The heart of the loop uses almost the EXACT same machine code.
Tim Smith
I'm going to patent thought. I have yet to see any prior art.
|
|
|
|
|
gotcha
this sounds right only with static arrays. static arrays are allocated in compile time as a long 1-d array of bytes.
try this for a dynamic allocated array it wont work .
<br />
int* pi1=new int[20];<br />
int* pi2=new int*[4];<br />
for(int i=0; i<4; i++)<br />
pi2[i]=new int[5];<br />
thx for time, salam.
Yours, M. Hossny
|
|
|
|
|
Lets look at it again with routines called GetAt (array, i, j)
For pi1 [20], here is what we have:
int GetAt (int pi1 [20], int i, int j)
{
return pi1 [i * 5 + j];
}
00000 8b 44 24 08 mov eax, DWORD PTR _i$[esp-4]
00004 8b 4c 24 0c mov ecx, DWORD PTR _j$[esp-4]
00008 8d 14 81 lea edx, DWORD PTR [ecx+eax*4]
0000b 8b 4c 24 04 mov ecx, DWORD PTR _pi1$[esp-4]
0000f 03 c2 add eax, edx
00011 8b 04 81 mov eax, DWORD PTR [ecx+eax*4]

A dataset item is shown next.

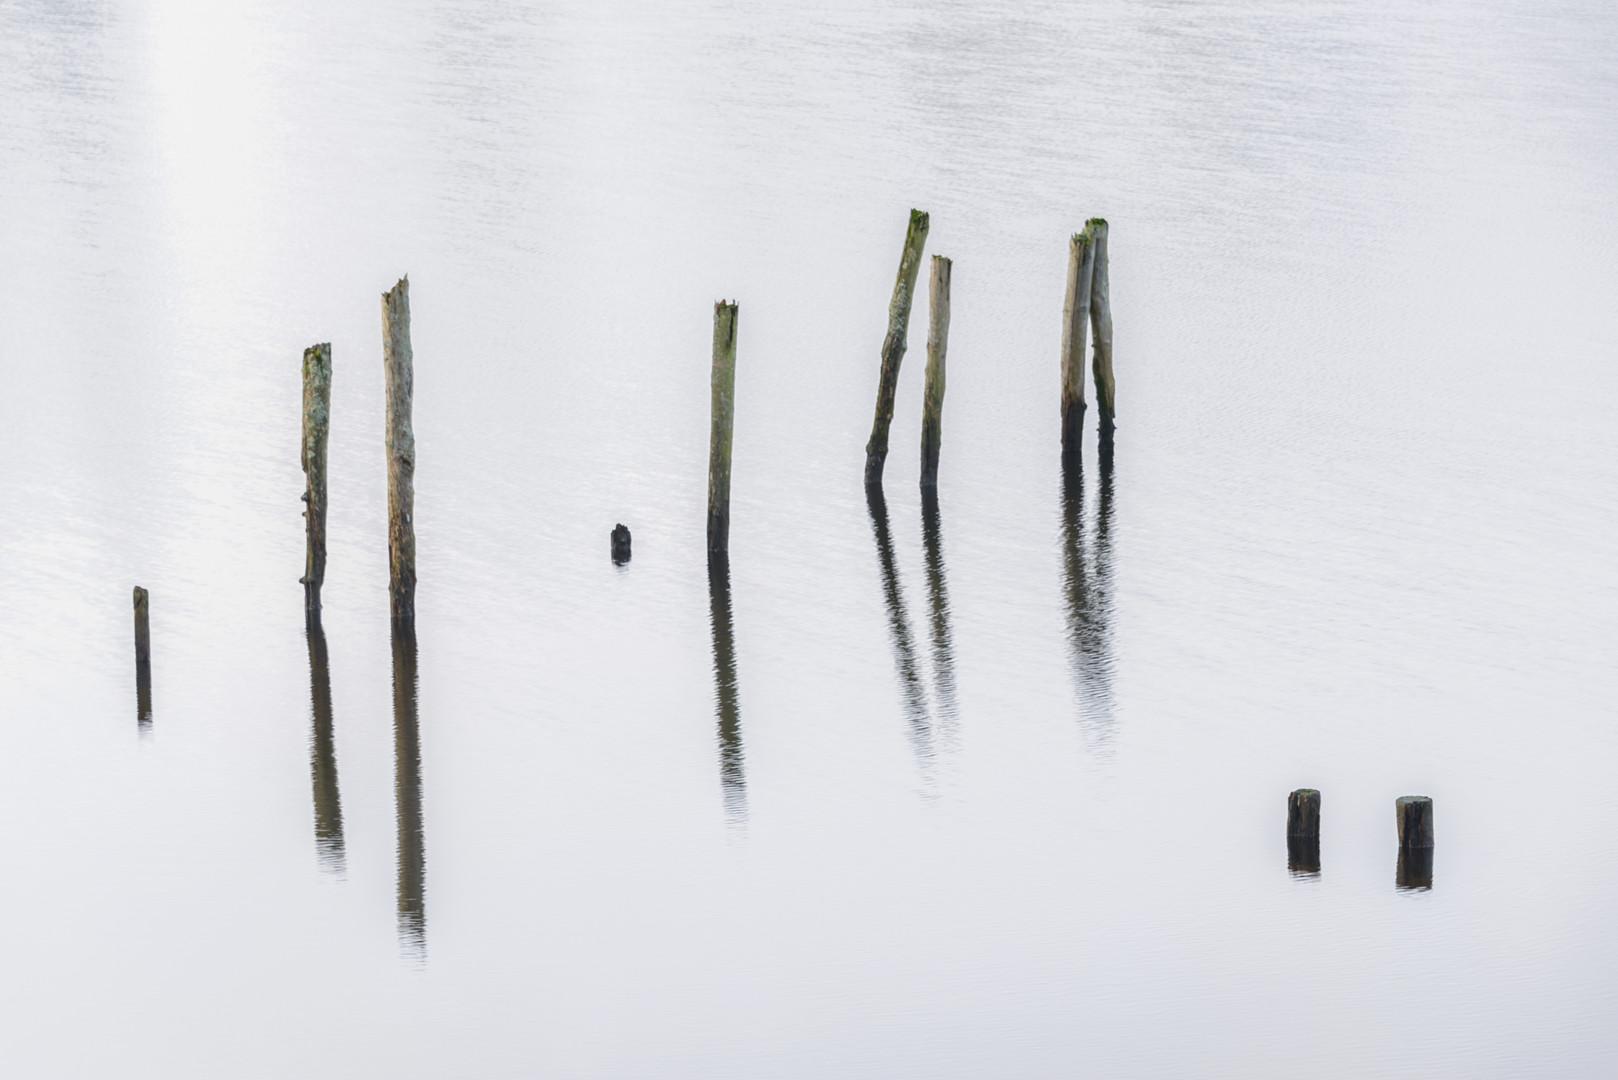 Old mooring posts

(without the arglist access instructions)
00008 8d 14 81 lea edx, DWORD PTR [ecx+eax*4]
0000f 03 c2 add eax, edx
00011 8b 04 81 mov eax, DWORD PTR [ecx+eax*4]
Here is pi2 [4][5]
int GetAt (int pi2 [4][5], int i, int j)
{
return pi2 [i][j];
}
00000 8b 44 24 08 mov eax, DWORD PTR _i$[esp-4]
00004 8b 4c 24 0c mov ecx, DWORD PTR _j$[esp-4]

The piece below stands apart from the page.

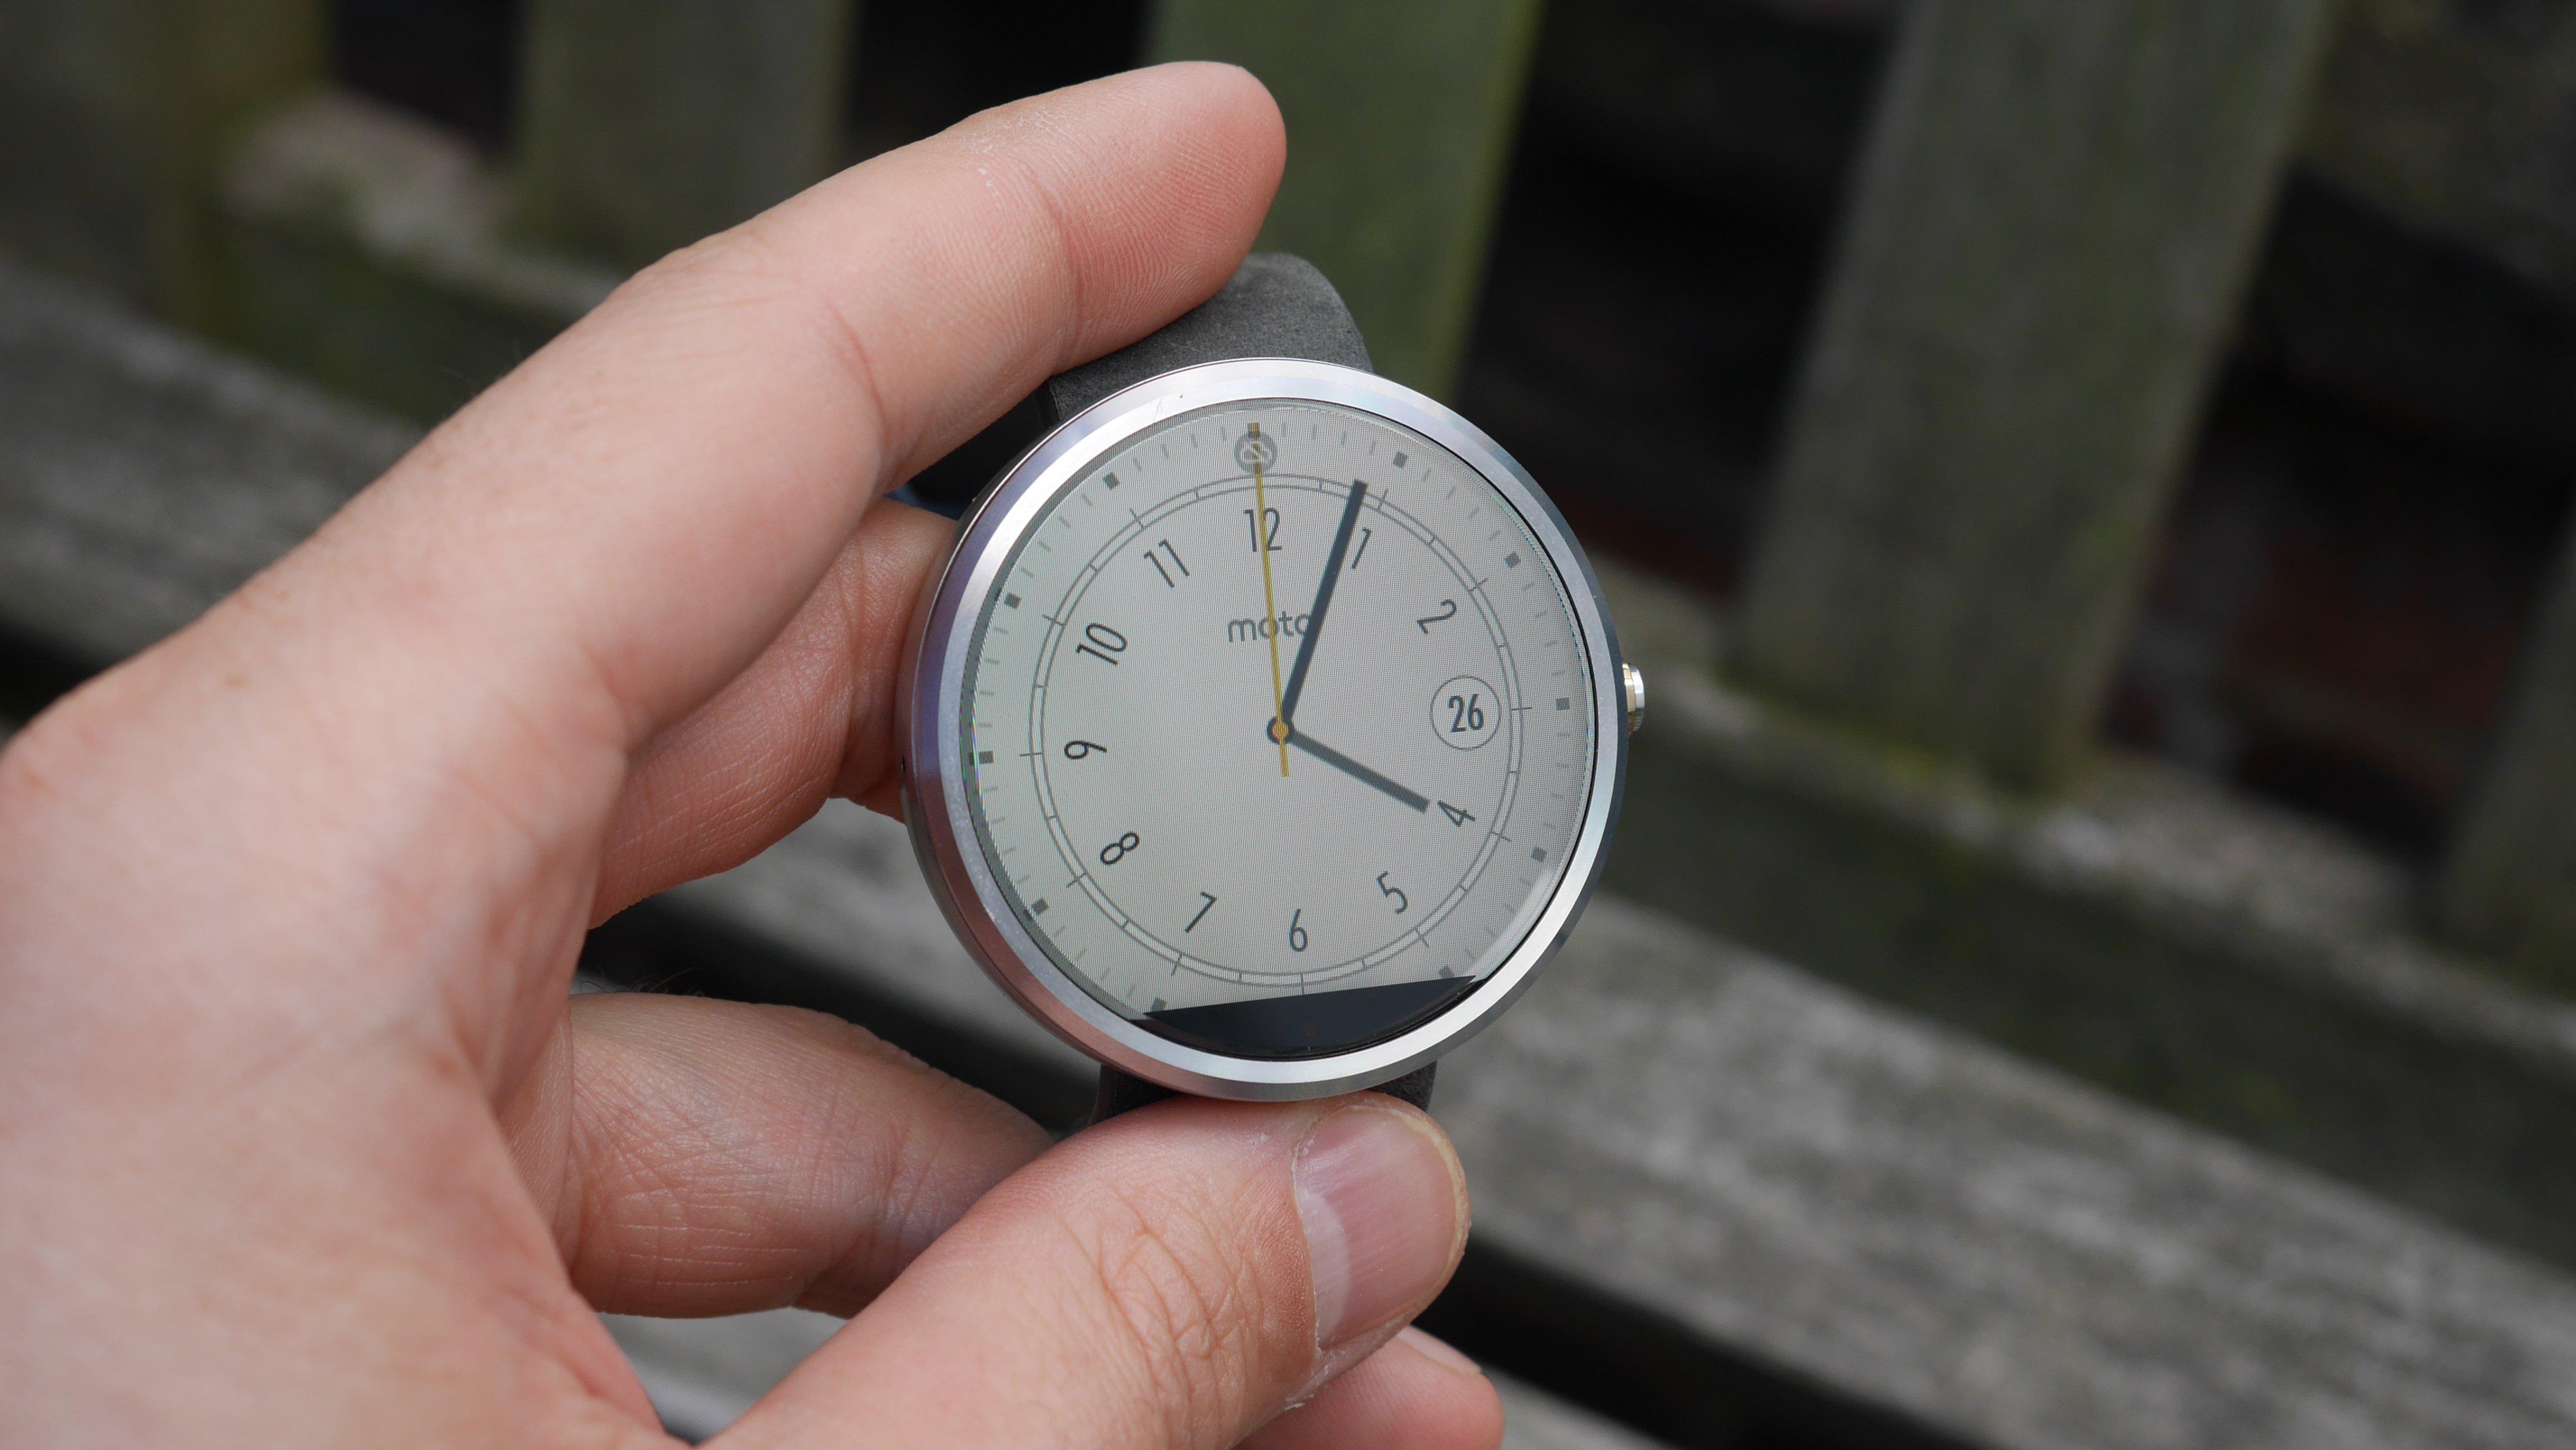 Motorola Moto 360 Smart Watches

00008 8d 14 81 lea edx, DWORD PTR [ecx+eax*4]
0000b 8b 4c 24 04 mov ecx, DWORD PTR _pi2$[esp-4]
0000f 03 c2 add eax, edx
00011 8b 04 81 mov eax, DWORD PTR [ecx+eax*4]
(without the arglist access instructions)
00008 8d 14 81 lea edx, DWORD PTR [ecx+eax*4]
0000f 03 c2 add eax, edx
00011 8b 04 81 mov eax, DWORD PTR [ecx+eax*4]
Here is int **pi4;
int GetAt (int **pi4, int i, int j)
{
return pi4 [i] [j];
}
00000 8b 44 24 08 mov eax, DWORD PTR _i$[esp-4]
00004 8b 4c 24 04 mov ecx, DWORD PTR _pi4$[esp-4]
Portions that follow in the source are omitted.